------ DATA EXTRACT ------
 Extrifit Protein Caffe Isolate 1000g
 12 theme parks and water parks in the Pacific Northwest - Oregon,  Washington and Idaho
------
------ DATA EXTRACT ------
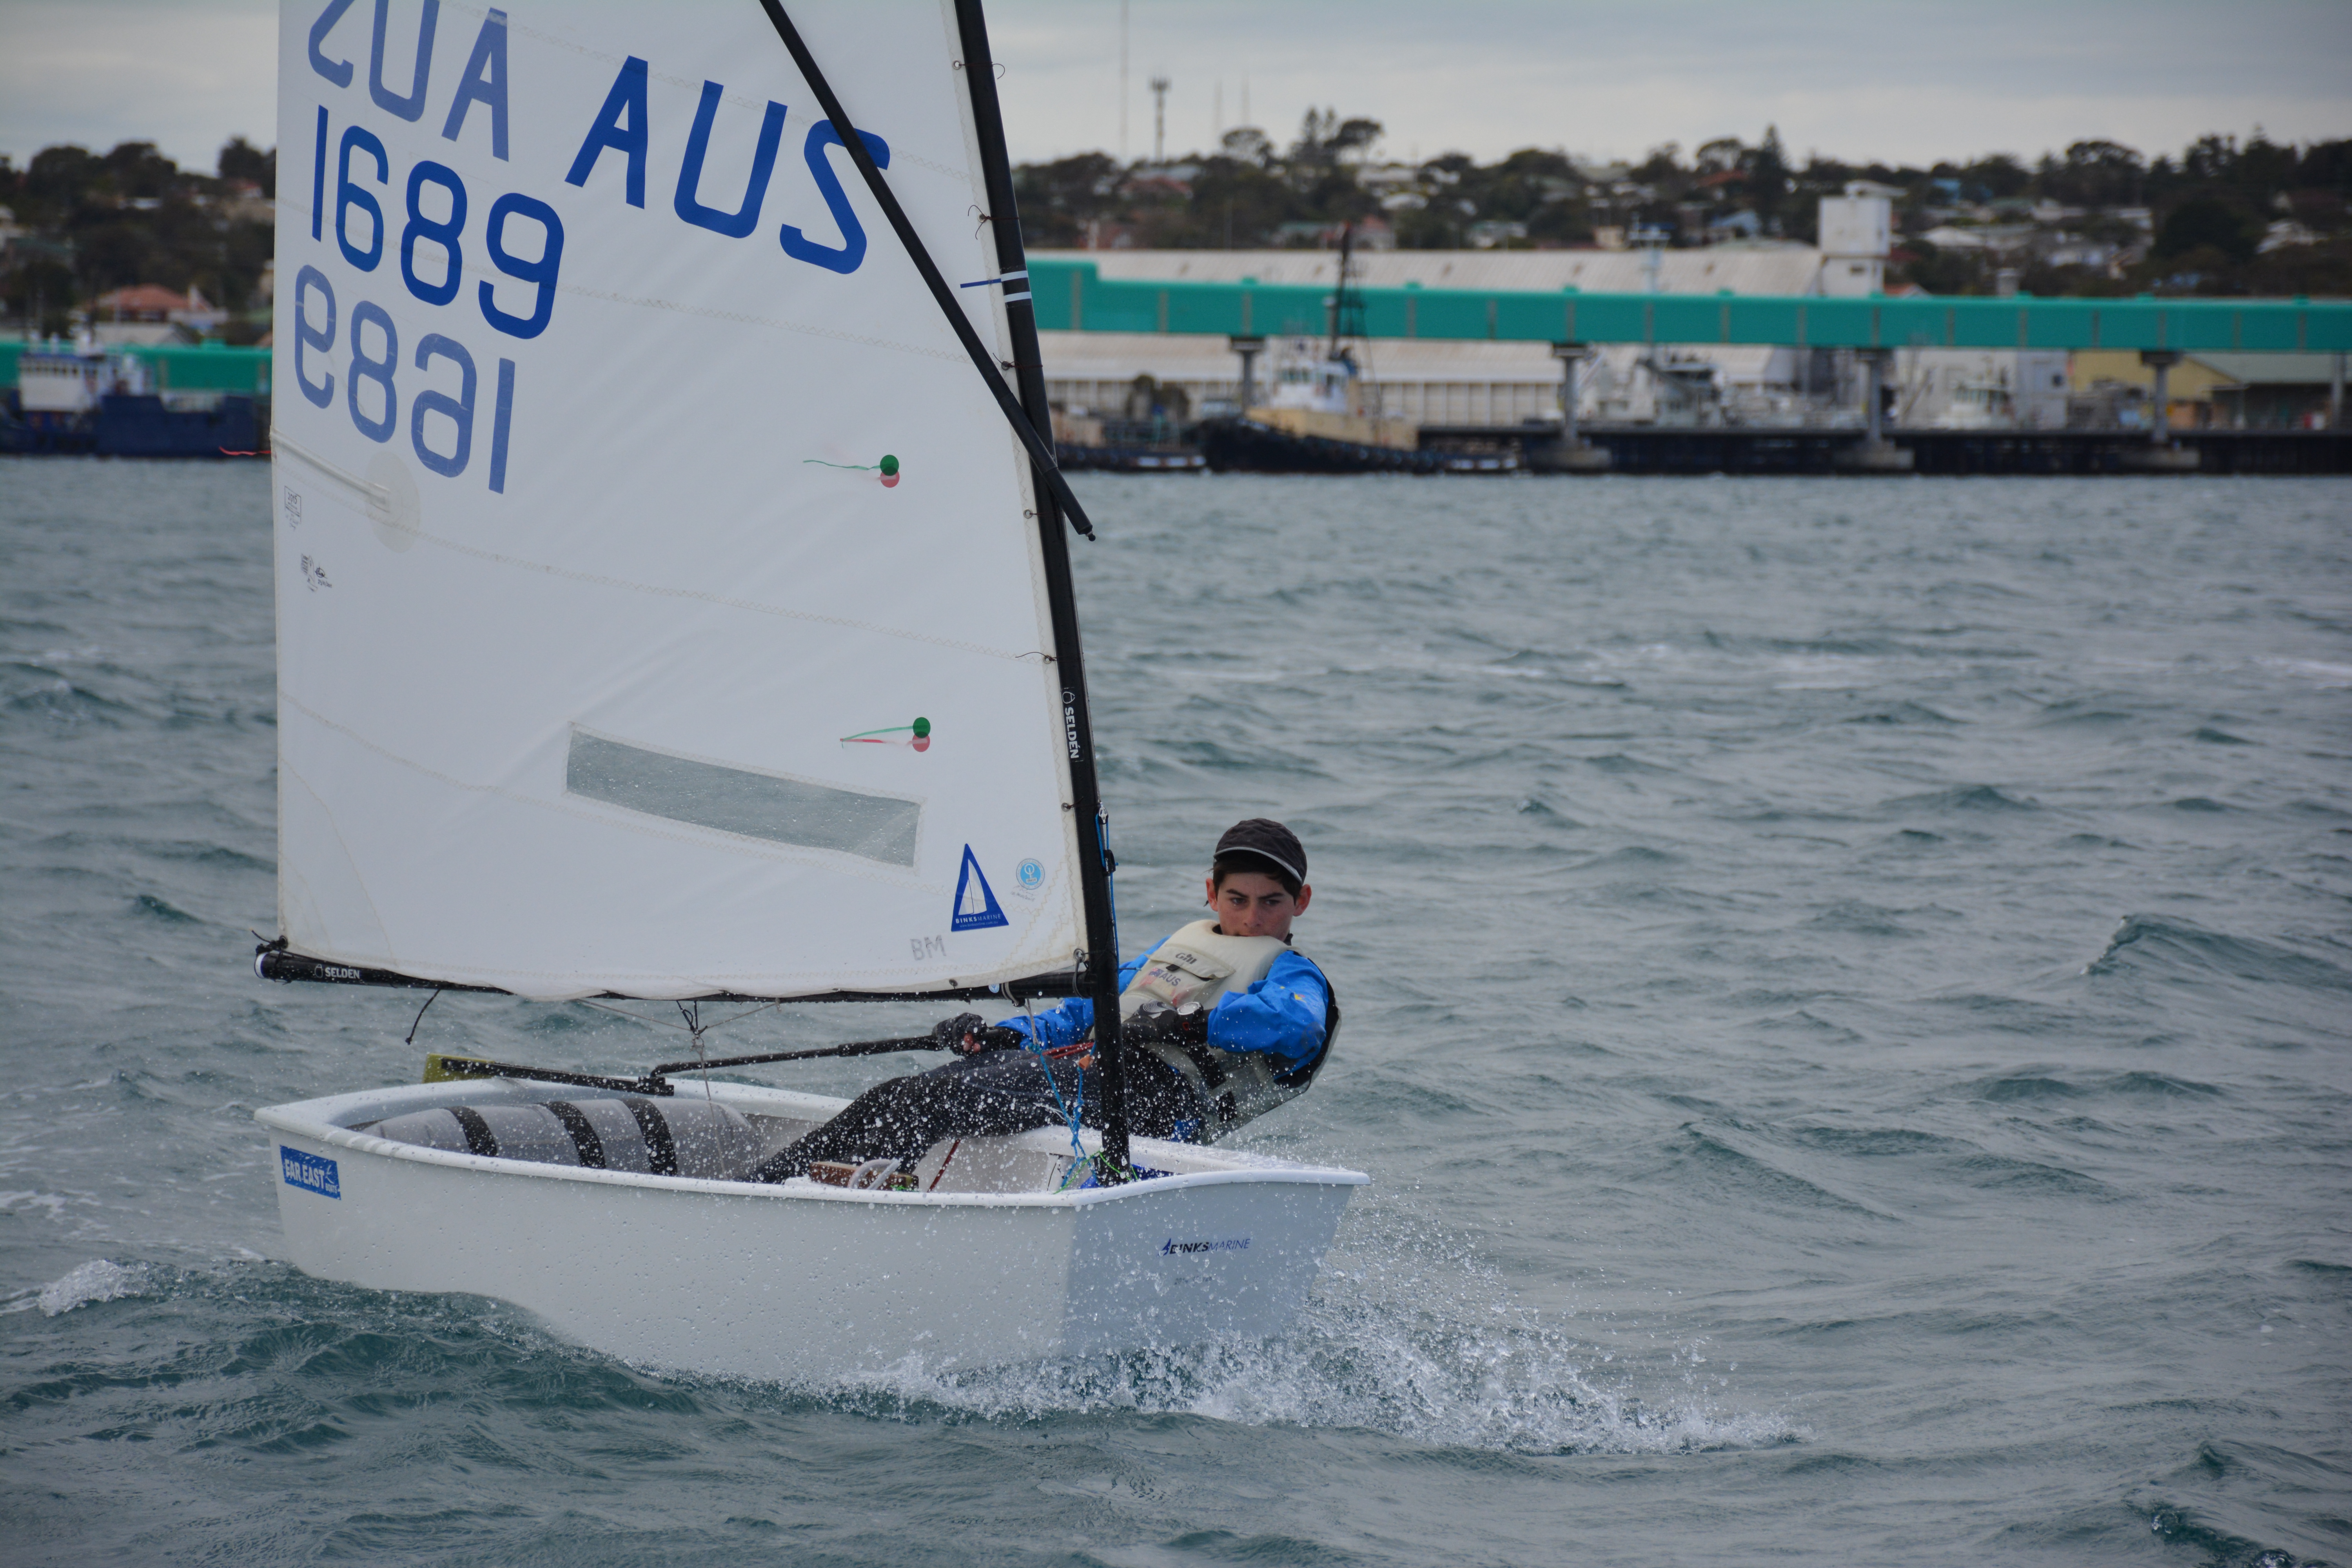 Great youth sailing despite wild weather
------
------ DATA EXTRACT ------
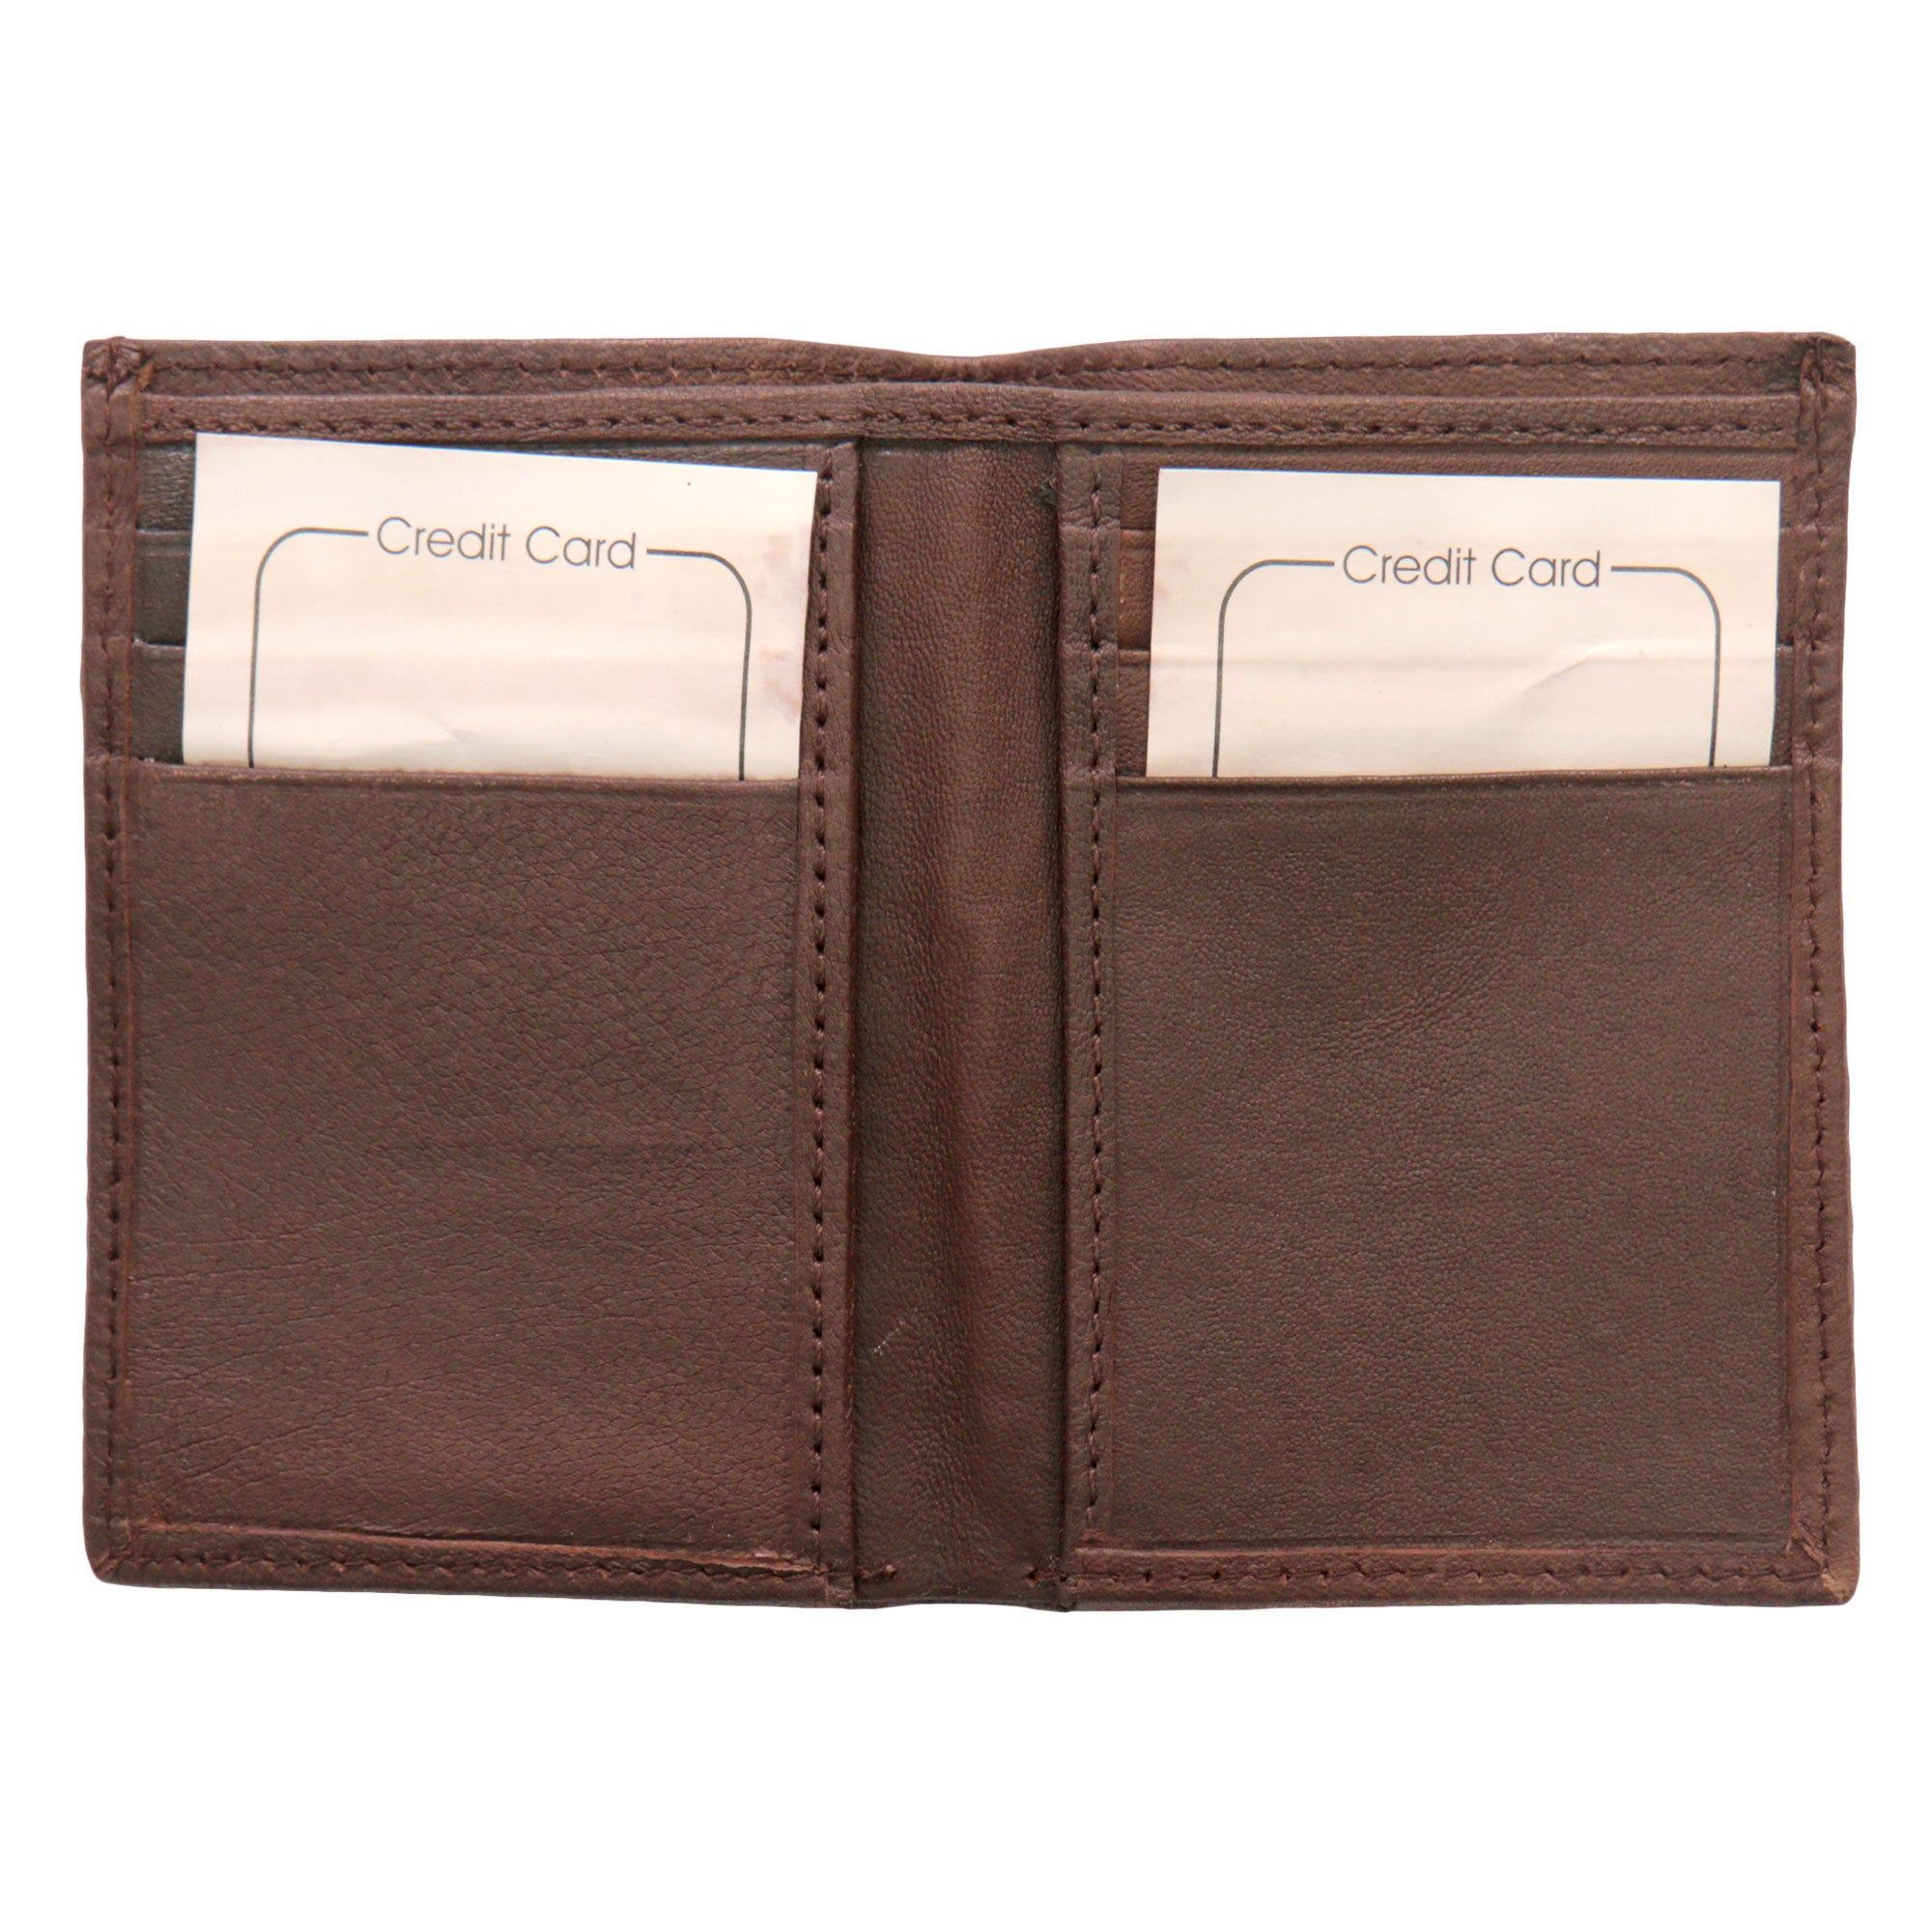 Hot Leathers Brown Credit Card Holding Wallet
------
- YOUR GOAL:
Please output the lines of the listing above that fall in the stretch from the one with "Extrifit Protein Caffe Isolate 1000g" through the one with "12 theme parks", exactly and only those.

- ANSWER SPACE:
 Extrifit Protein Caffe Isolate 1000g
 12 theme parks and water parks in the Pacific Northwest - Oregon,  Washington and Idaho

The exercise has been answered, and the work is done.